クラウドやモバイルが一般的になり、デスクトップ向けのクライアントソフトウェアの需要が激減してから久しい。メールクライアントソフトも同様で、全盛期に比べるとその種類もユーザ数も右肩下がりの一方である。それもLinuxデスクトップ向けとなれば、なおさら使えるメールクライアントは限られてくる。

そうした中にあって、Linuxでも使える数少ないメーラが「Mozilla Thunderbird」である。Mozilla Foundationが提供するオープンソースのメールクライアントとして多くのディストリビューションにパッケージングされているThunderbirdだが、ことDebianにおいてはやや事情が異なってくる。

Debian ProjectはDebian 4.0 "etch"から、Mozillaが提供するThunderbirdではなく、Thunderbirdからフォークした「Icedove」をパッケージに含めている。もともとはDebianにもThunderbirdが入っていたのだが、2006年、Mozillaは「FirefoxやThunderの名称を使うなら、Mozillaによる公式のロゴとアートワークを使用せよ。また、ソースコードの変更を行う場合はMozillaにその理由と差分パッチを提出せよ」といった新たな使用条件を通達した。Debian側はこれを受け入れられないとしてFirefoxとともにThunderbirdの商標を使わないことを選択、以降、メールクライアントとしてThunderbirdと内容はほぼ同じではあるが、Debian自身がメンテナンスするIcedoveがパッケージングされている。なおFirefoxも同様の理由でDebianには含まれておらず、⁠Iceweasel」という名称のソフトが使われている。

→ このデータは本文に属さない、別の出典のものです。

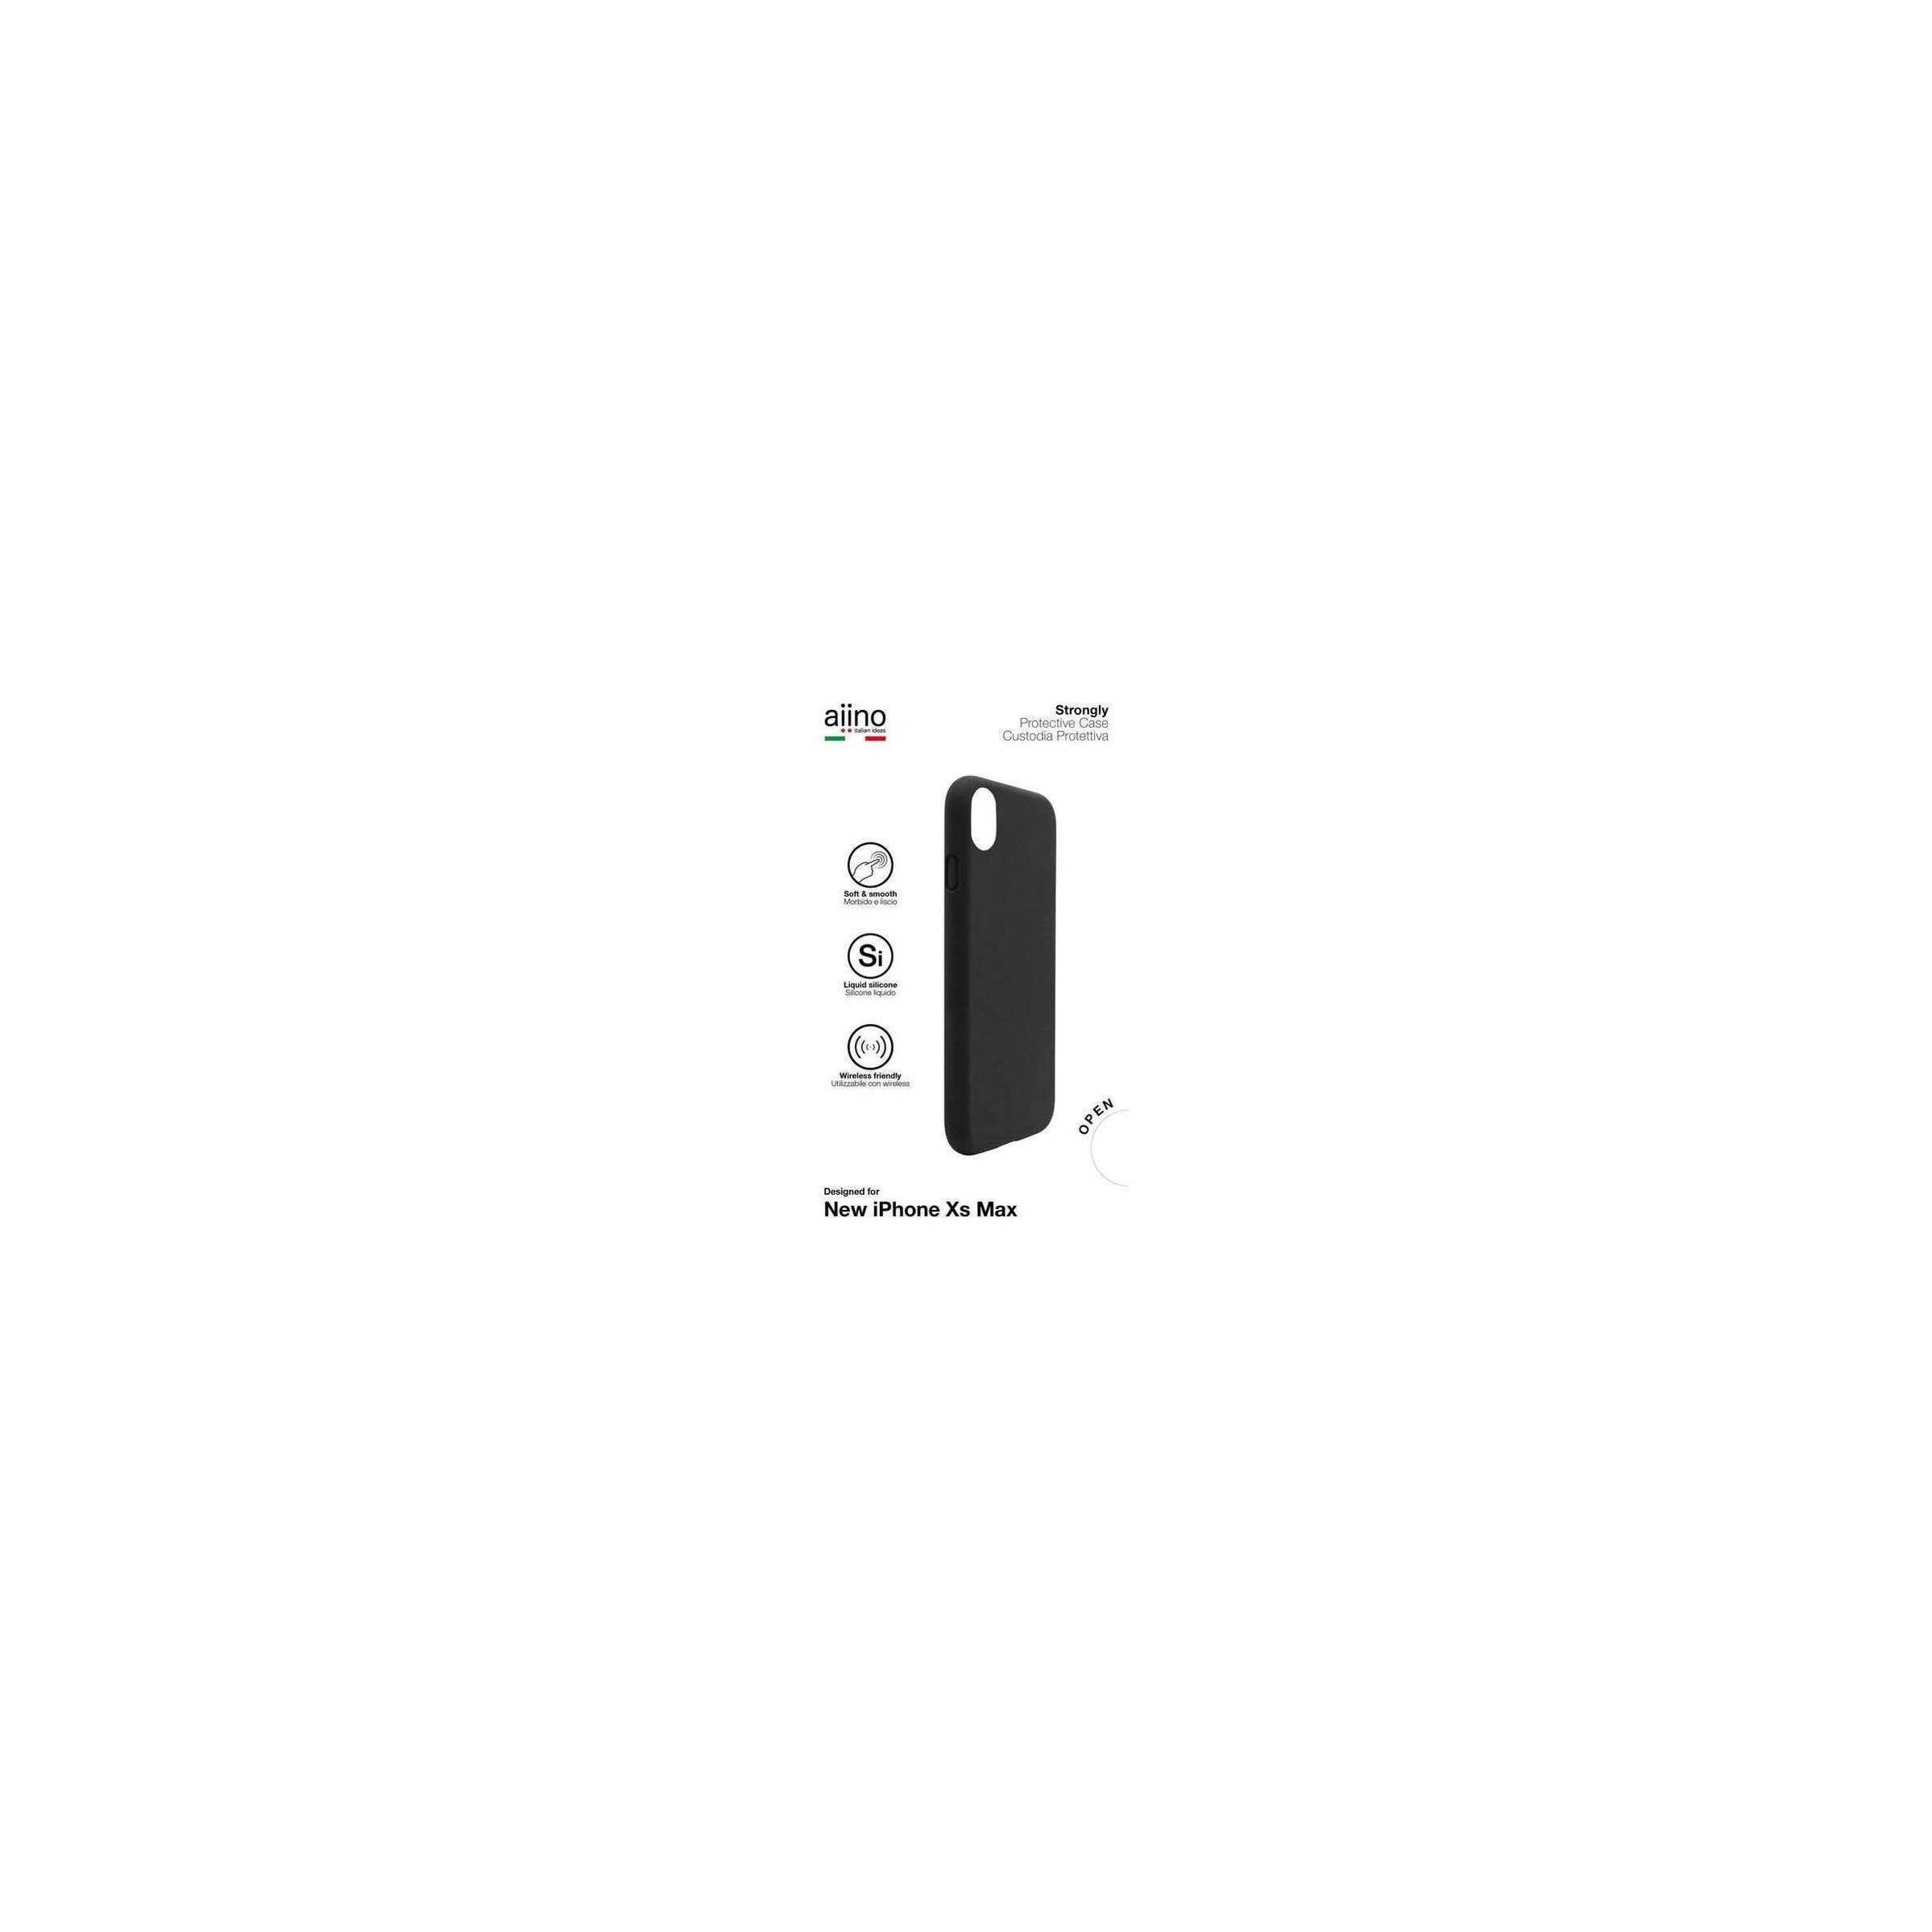 Bilde av Aiino Strongly Premium Cover Til Iphone Xs Max Sort/blå, Farve Sort

以来、約10年に渡ってDebianのメールクライアントとして提供されてきたIcedoveだが、ここにきて大きな変化があらわれた。2月15日、Debian開発者のChristoph GoehreはDebian開発者向けのメーリングリストにおいて、メールクライアントをIcedoveからThunderbirdに戻すことを明らかにしている。

De-Branding of Icedove, reintroducing Thunderbird packages into Debian

実は2012年ごろからMozillaとDebianの間でこの件に関する話し合いは何度かもたれており、2016年にはMoziila内部のIceweal開発者から「MoziilaのライセンスはDebianの開発/提供方針と矛盾しないかたちに変更されている」という報告がされている。これらの交渉を経て、ブラウザに関してはすでにIceweaselからFirefoxに変更されているが、Thunderbirdも1年遅れでようやくDebianに復帰となったわけである。

Goerhreはメーリングリストにおいて、IcedoveからThunderbirdへの変更に伴う影響やバグをチェックするためのテスターを募集している。順調に行けば次のリリースであるDebian 9 "Stretch"ではFirefoxと一緒にThunderbirdのロゴをデスクトップ上で見ることができそうだ。